Here are specific recommendations to help meet Vietnam's media needs, to prepare its journalists to deal with new digital technologies, and to encourage growth of a professional and independent press, essential for grass-roots democracy.

  • The U.S. State Department's Bureau of Educational and Cultural Affairs (ECA) fosters mutual understanding between the United States and other countries through international educational and training programs.

  • West Virginia University's Perley Issac Reed School of Journalism actively encourages support from State's Public Diplomacy department to support media training programs in partnership with Vietnam National University's Faculty of Journalism and the Hanoi University of Foreign Studies.

  • The planned WVU Center for the Study of Emerging Media in Vietnam seeks financial support from USAID to facilitate the placement of media trainers and the academic exchanges.

Before the renovation or "doi moi," the media was regarded as merely a mouthpiece for the Party. With increased market reforms and globalization, Vietnam's media want to improve journalistic standards and focus on formerly proscribed topics.

Professional media training and programs developed by our Center will equip more Vietnamese journalists to report on official corruption, poverty, environmental issues, health care, integration into the world market, and safeguarding culture. In these ways, Vietnam's press can contribute to building a stronger civil society.
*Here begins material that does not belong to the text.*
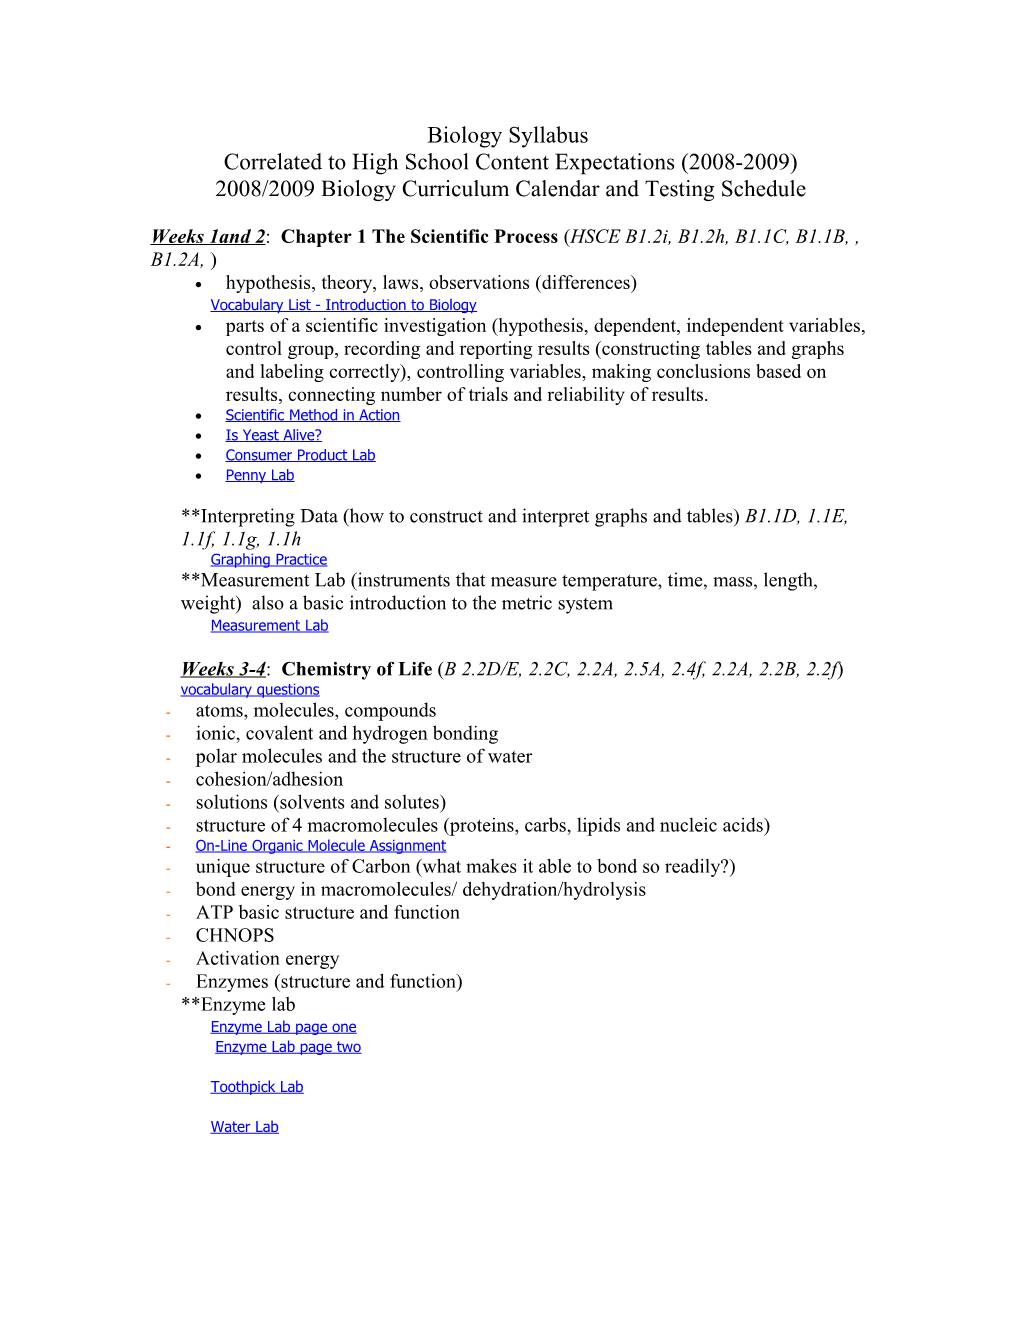 2007/2008 Biology Curriculum Calendar and Testing Schedule

We are working with Maryanne Reed, dean of the School of Journalism, to establish a professional and academic exchange program with Vietnam, and a Center for the Study of Emerging Media in Vietnam. She has ably pursued these goals, which originated with Christine Martin, former dean of the School of Journalism and now vice president of institutional advancement.

The project is welcomed by Vietnam's own media gatekeepers.
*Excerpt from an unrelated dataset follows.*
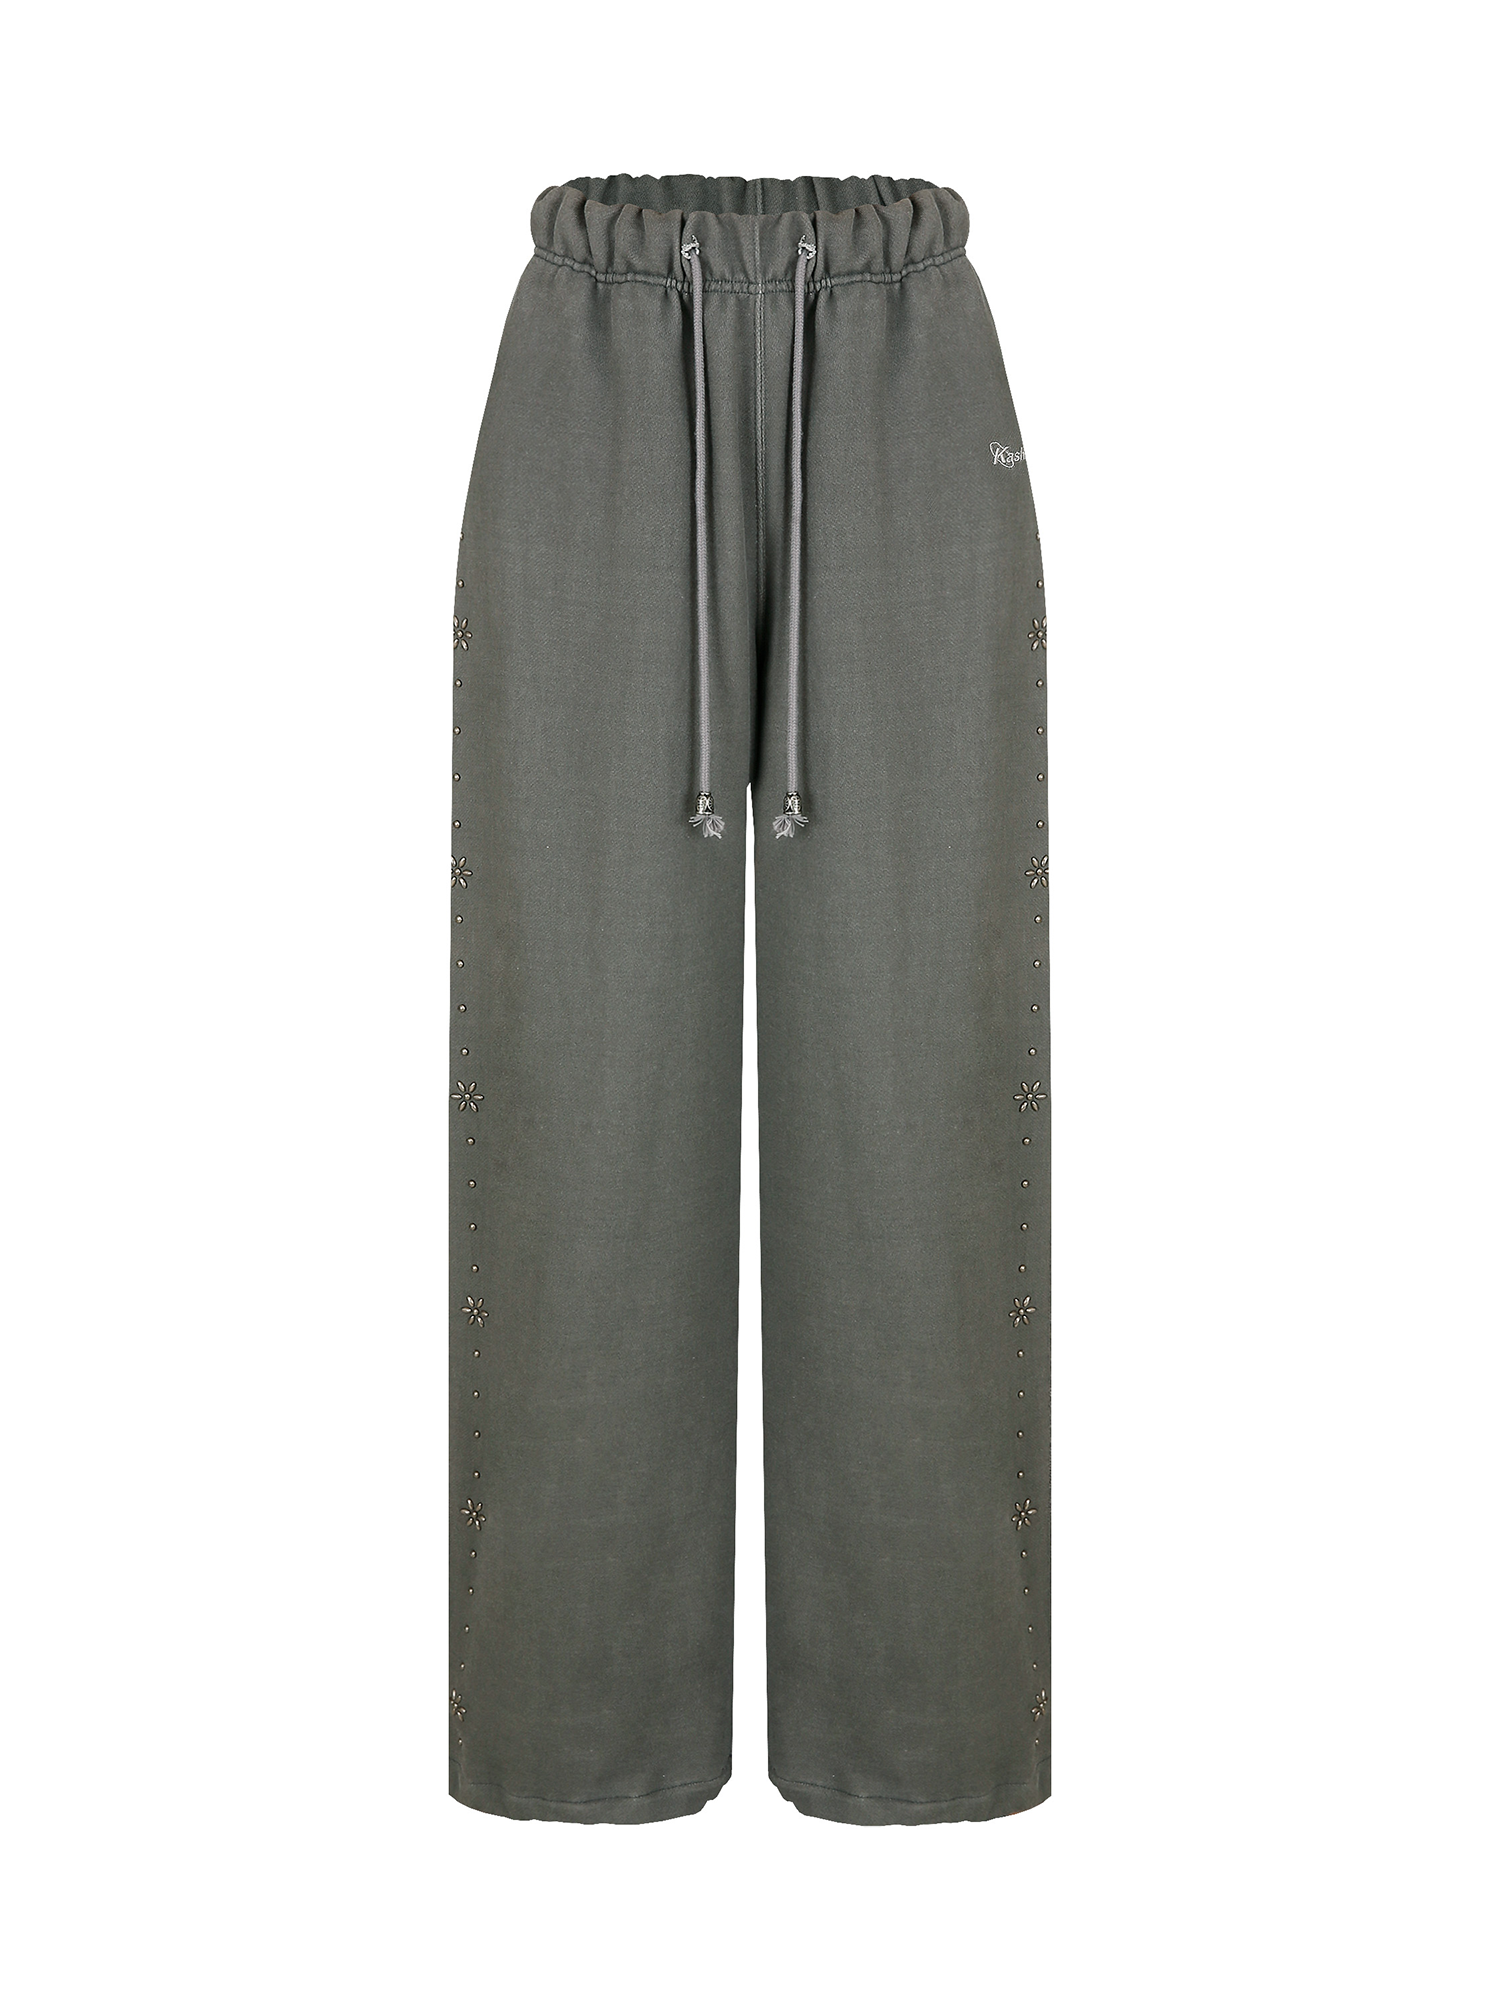 Kashiko Comfy : Monk Trousers

"Information communication technologies are contributing to major shifts in our culture, society and media," says Nguyen Ahn Tuan, chief executive of the state-owned enterprise Value Added Software Company (VASC) and founder of the popular bilingual news website, VietnamNet which gets 5 million hits a day.

Controlling Vietnam's nearly 700 newspapers and 400 periodicals, the Communist Party has no room for private media. The press remains, for all purposes, a party outlet for educating and filtering information — not for independent news reporting.

But there are clear signs of an emerging cadre of intrepid newspaper editors and professional journalists like our new media friends, Tuan and Minh, who welcome adoption of Western-style reporting standards and the promise of an independent press.

— George Esper covered the war in Vietnam for The Associated Press for 10 years. He retired in 2000 and since then he has been teaching journalism at his alma mater, West Virginia University.

— James Borton is an independent foreign correspondent and media advisor to West Virginia University's Perley Isaac Reed School of Journalism's planned Center for the Study of Emerging Media in Vietnam. He is also at work on a book on Asia Digital Media.